En el pabellón de la cárcel de Devoto flota un aire como de velorio. Así es cada vez que un preso popular deja el presidio para volver a la libertad, que es linda, pero, vista de este lado de la reja, no es tan alegre como podría pensarse. Es que la cárcel, a la vez que estimula la criminalidad, entumece. La rutina de todos los días atonta los reflejos, nubla el entendimiento y, al mismo tiempo, azuza la rabia. Los criminales experimentados saben que no es conveniente volver a la acción inmediatamente después de ser liberados. Es común que un delincuente, luego de una condena larga, termine muerto al poco tiempo de salir.

El Topo es un preso rico. Tiene asegurado un suministro de provisiones y dinero que llega desde afuera. En la cárcel, con plata, se consigue cualquier cosa que se necesite. Miranda sabe con quién debe ser generoso, con quién compartir su fortuna que no es con todos, sino con el Poronga del pabellón. A él se le deja el crédito de la distribución que hará como mejor le parezca.
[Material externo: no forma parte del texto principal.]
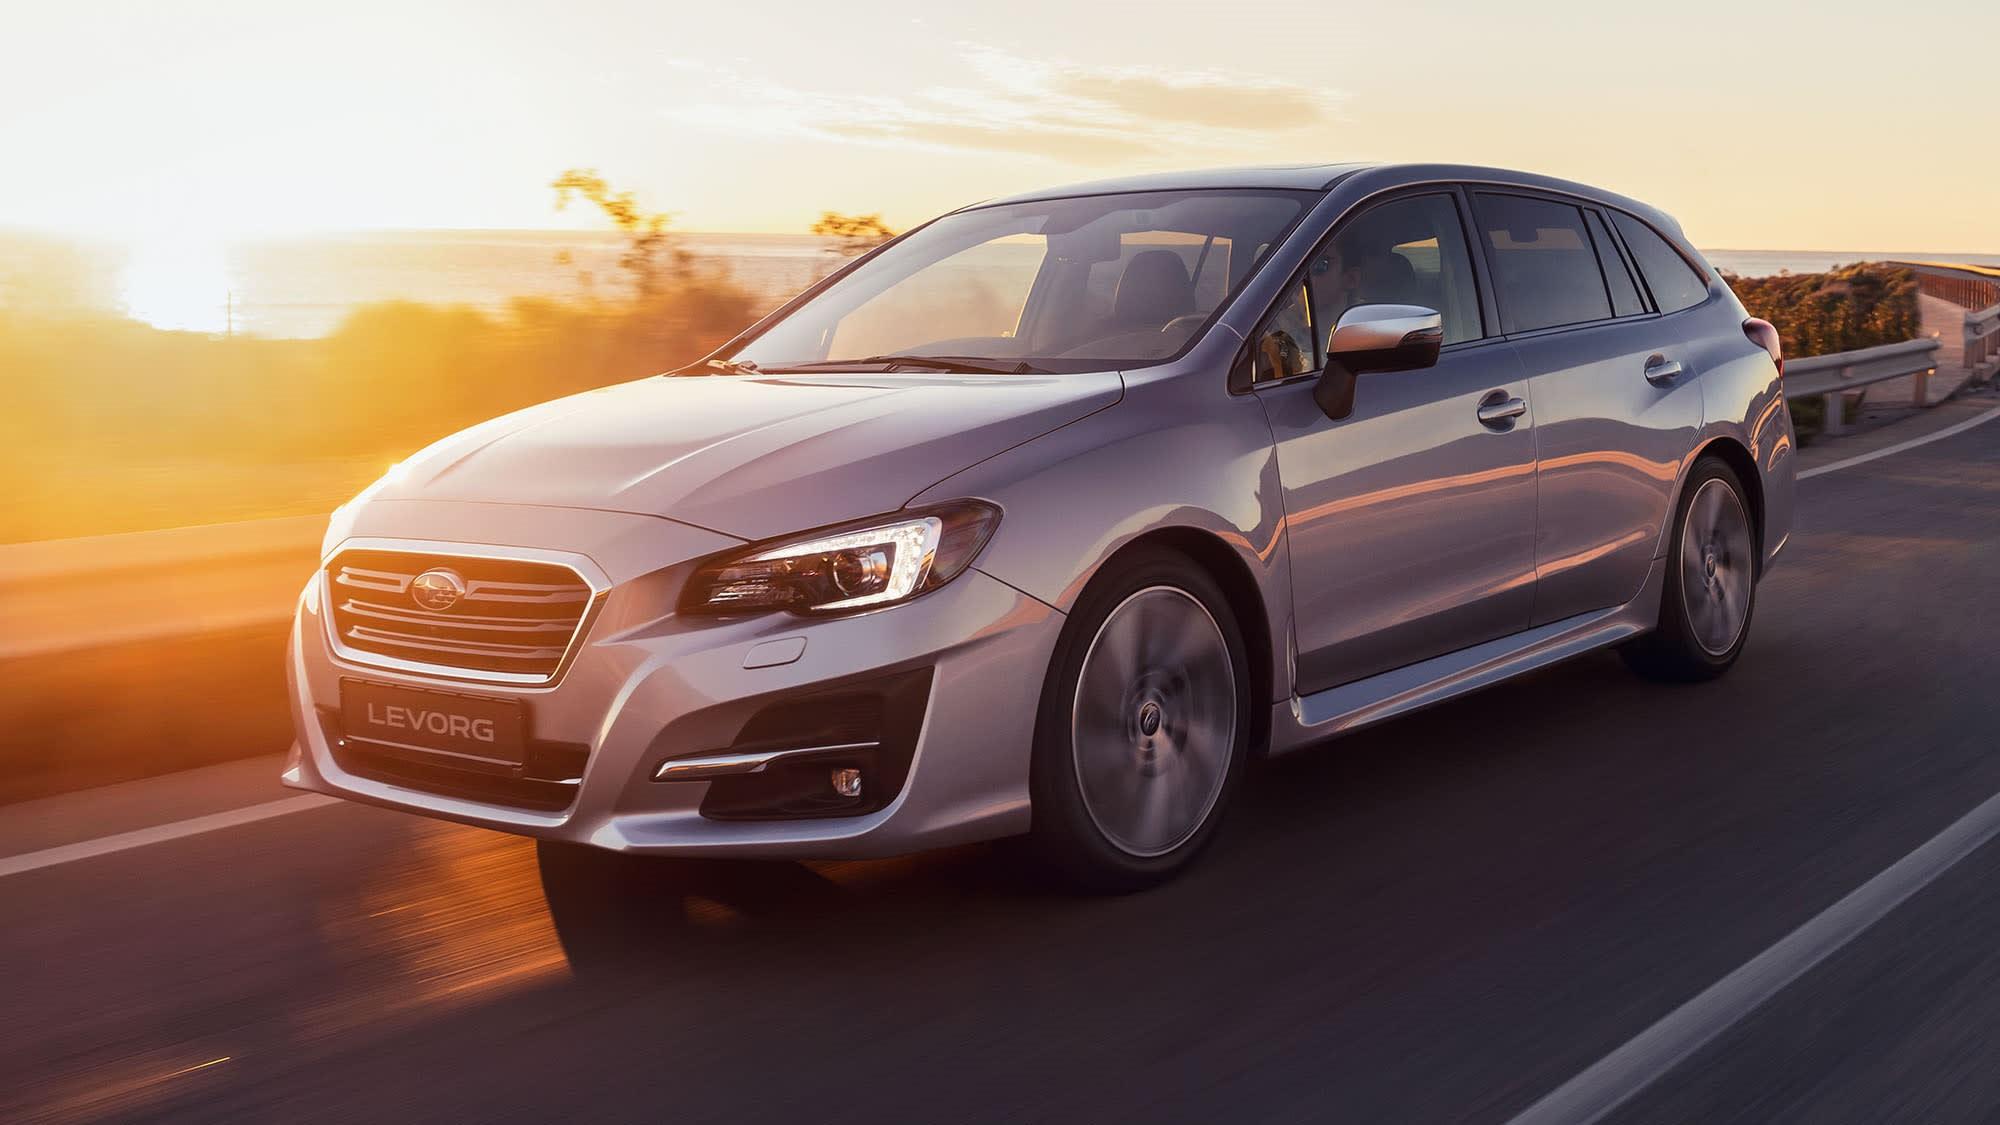 2019 Subaru Levorg gets 2.0L atmo four in the UK

Todos saben de quién provienen los bienes que reparte el jefe de la ranchada, pero el Topo jamás lo pondrá en evidencia. La discreción es una virtud cardinal entre los presos. Allí es alguien respetado. El Poronga le concede protección y le permite tener un «valerio» en exclusiva. Con un poco de inteligencia y mucho respeto, en la cárcel no hay demasiadas asechanzas. Lo más peligroso, en todo caso, son los motines. Allí puede pasar cualquier cosa, pero seguramente la probabilidad de morir en un motín no debe ser muy distinta de la de ser atropellado por un colectivo.

En pocos minutos por el pasillo sonará el grito: ¡Miranda, con todo! Ahí dará comienzo el viaje de cuatrocientos metros que lo separan de la calle. Entonces se pondrá de pie, tomará el bolso que preparó más temprano y saldrá caminando por la pasarela que forman la doble hilera de camas, sin mirar ni hablar a nadie. Los bienes que no llevará consigo ya han sido repartidos en calidad de herencia. De todos los que tenía que despedirse ya se despidió horas atrás. Desde entonces se fue transformando lentamente en un fantasma. Cuando uno sale se convierte en un ser envidiado, es la encarnación del deseo de todos yéndose por la puerta. Por eso no se dejan las despedidas para último momento.

En la cama de al lado, Andrés, que ha sido su valerio el último tiempo, está vuelto boca abajo esforzándose por reprimir el llanto que lo oprime como una corbata demasiado ajustada. Andrés ama al Topo, pero su pena no es sólo de amor. Miranda fue bueno y generoso con él, lo trató siempre con consideración, jamás le pegó ni lo entregó a otros. Muchos en el pabellón le tienen ganas, pero hasta ahora nadie se atrevió a meterse con él. Es un correntino rubio de ojos verdes de lo más parecido a una chica. Tiene modales de señorita, cocina como una reina y habla de sí mismo en femenino con dulce acento guaraní. Está guardado desde los dieciocho. La madre murió cuando tenía once años y el tipo que decía ser su padre había abusado de él desde entonces. Una noche, mientras dormía, le ató los brazos y las piernas a las patas de la cama y lo despertó. Le cortó la pija por la base y se sentó a verlo desangrarse y morir. Después se entregó a la policía. En el juicio, un defensor de pobres y ausentes, demasiado pobre y demasiado ausente, tomó el camino más corto: le hizo ratificar la confesión que en sede policial redactó con animosidad un oficial escribiente que odiaba a los maricones. Tampoco se tomó la molestia de apelar la sentencia que lo encontró culpable de homicidio agravado por el vínculo y que lo condenó a perpetua. Miranda se lo compró a un tal Villar. Después del negocio se encargó, sin que nadie se enterara, de que al vendedor lo trasladen a otro pabellón, por las dudas. Poco tiempo después Villar se enfermó y murió. Se dijo que lo había fulminado un cáncer de páncreas.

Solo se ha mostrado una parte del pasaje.